Business Beat: Beef’s Place in a Healthy Environment
With increasing information in the media now about the environmental foot print of agriculture and greater attention around food sustainability, there is a need to provide education and raise awareness around where our food comes from and recognize the vitally important role of agribusiness.
Most recently, sustainable beef production in Canada has been a focus of many important discussions and we are finding that there is an increasing lack of awareness, education and information around this industry. In Canada, we define sustainable beef as a socially responsible, environmentally sound and economically viable product that prioritizes the planet, people, animals and progress.
To emphasize the importance of this industry, we have beef producers in every province with 68,500 beef farms, including cow-calf, background and feedlot operations. Over 98% of beef farms are family owned and operated, with the Canadian beef industry contributing more than $41 billion to the Canadian economy, generating 228,000 jobs. In addition, the 2016 Census of Agriculture found less than 1% of Canadians are farm operators, yet all Canadians participate in the agri-food sector when they go grocery shopping and make food choices.
Despite these economic considerations, recent conversations seem to be centred on factors such as greenhouse gas production, water consumption and management of different landscapes for ecosystem health, in addition to the nutritional value of beef.
All are topics worthy of a closer look.
Consider the relationship between raising cattle and biodiversity, and the types of feed that cattle consume. Native grasslands, like those found in our prairie provinces, are one of the most threatened ecosystems in the world. However, research shows that cattle grazing is a major contributor to the conservation of native grasslands and endangered species that depend on native grasslands, such as the burrowing owl, the swift fox and greater sage-grouse, amongst others. By carefully managing these unique landscapes, ranchers help conserve these key species at risk.
These grasslands and pasturelands are the foundation of the Canadian cattle industry, providing 80% of the feed used in beef production. This is also an important part of this ecosystem, as these pasturelands play a role in removing greenhouse gases from the air and storing them in the soil, storing about 1.5 billion tonnes of carbon through carbon capture.

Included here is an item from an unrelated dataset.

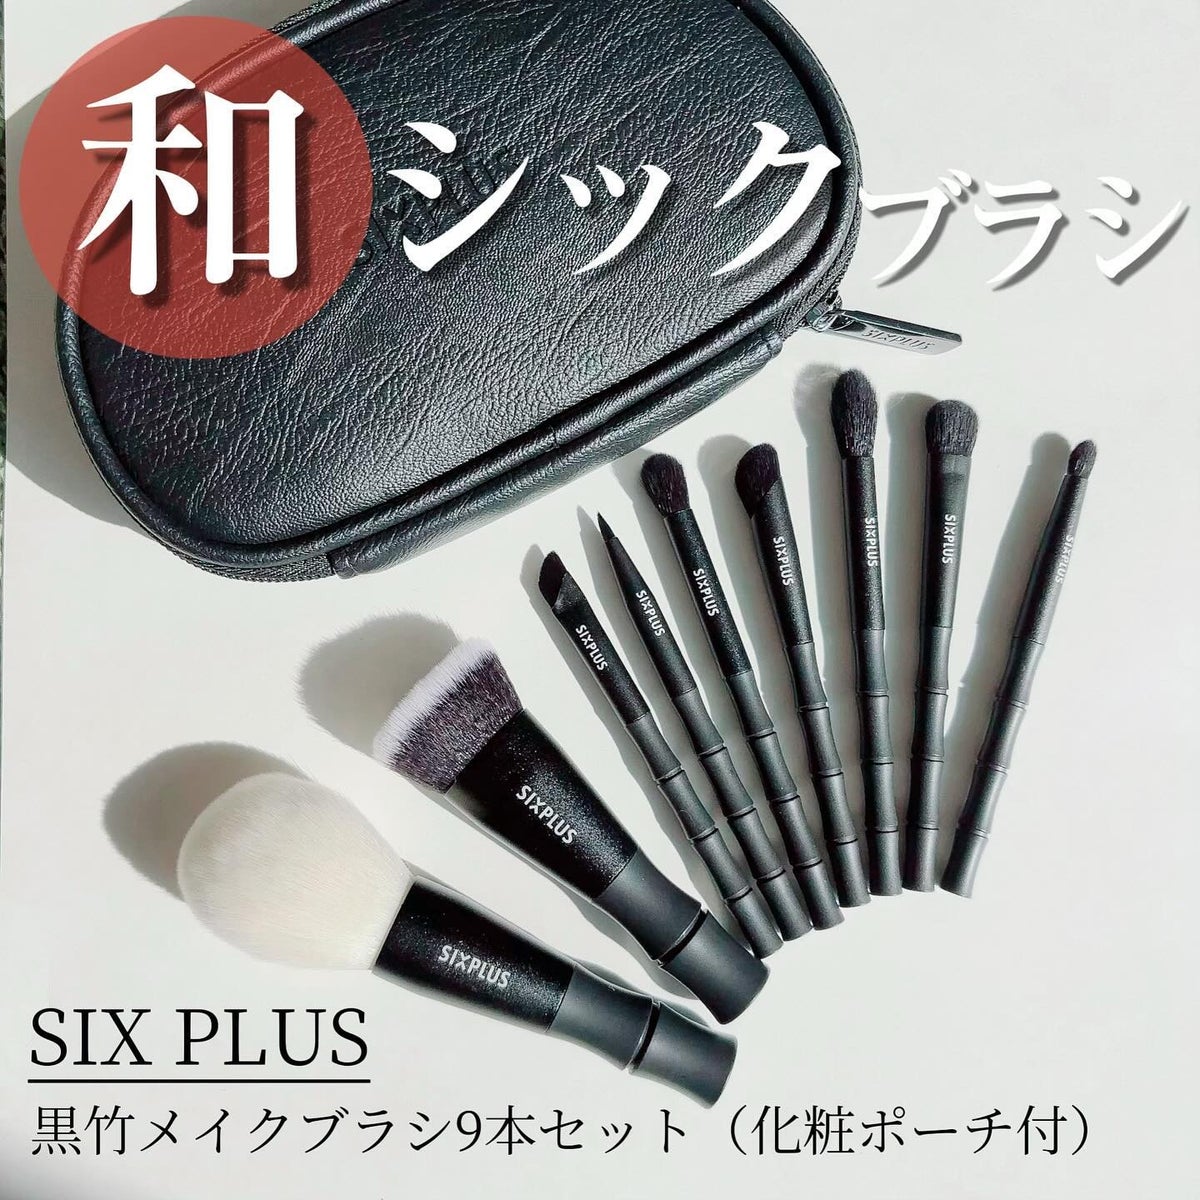 コスメ/美容SIXPLUS 黒竹メイクブラシ9本セット 人気 化粧ブラシ ファンデーションブ

Additionally, many of these grazing landscapes are too steep, rocky, forested or susceptible to erosion for production of agricultural crops. By grazing cattle on grasslands, high-quality beef protein can be produced from land that cannot be used for growing crops to feed the human population. It’s also important to recognize that people and cattle do not compete for the same foods. Cattle don’t require high-quality feeds; however they do consume a lot of products that would otherwise go to waste. Beef production, therefore, makes use of what’s left behind – not food that would go straight to the table of a growing human population. Eighty percent of the feed required for beef production in Canada is grass and other plants that are inedible to humans with much of this is grown on land that is too dry, rocky, forested or steep for crop production.
When we turn our attention from production to consumption and take a closer look at beef’s role in a healthy diet, we know that beef is a nutrient rich food that can help people meet their nutrient needs within their calorie goals, as part of an overall healthy pattern of eating. Beef is a source of 14 essential nutrients including protein, iron, zinc, vitamin B6, vitamin B12, vitamin D, magnesium and potassium, with this protein source containing all of the essential amino acids we need in our diet.
There is extensive information around sustainable beef production and this nutrient dense food source, all pointing to the fact that the nutrients of Canadian-grown beef protein are produced in a way that supports grassland habitat conservation and sustainable food production. With these sustainable grazing practices, we can be confident in our beef industry playing an important role within our environment and our wellness in our thriving prairie communities into the future.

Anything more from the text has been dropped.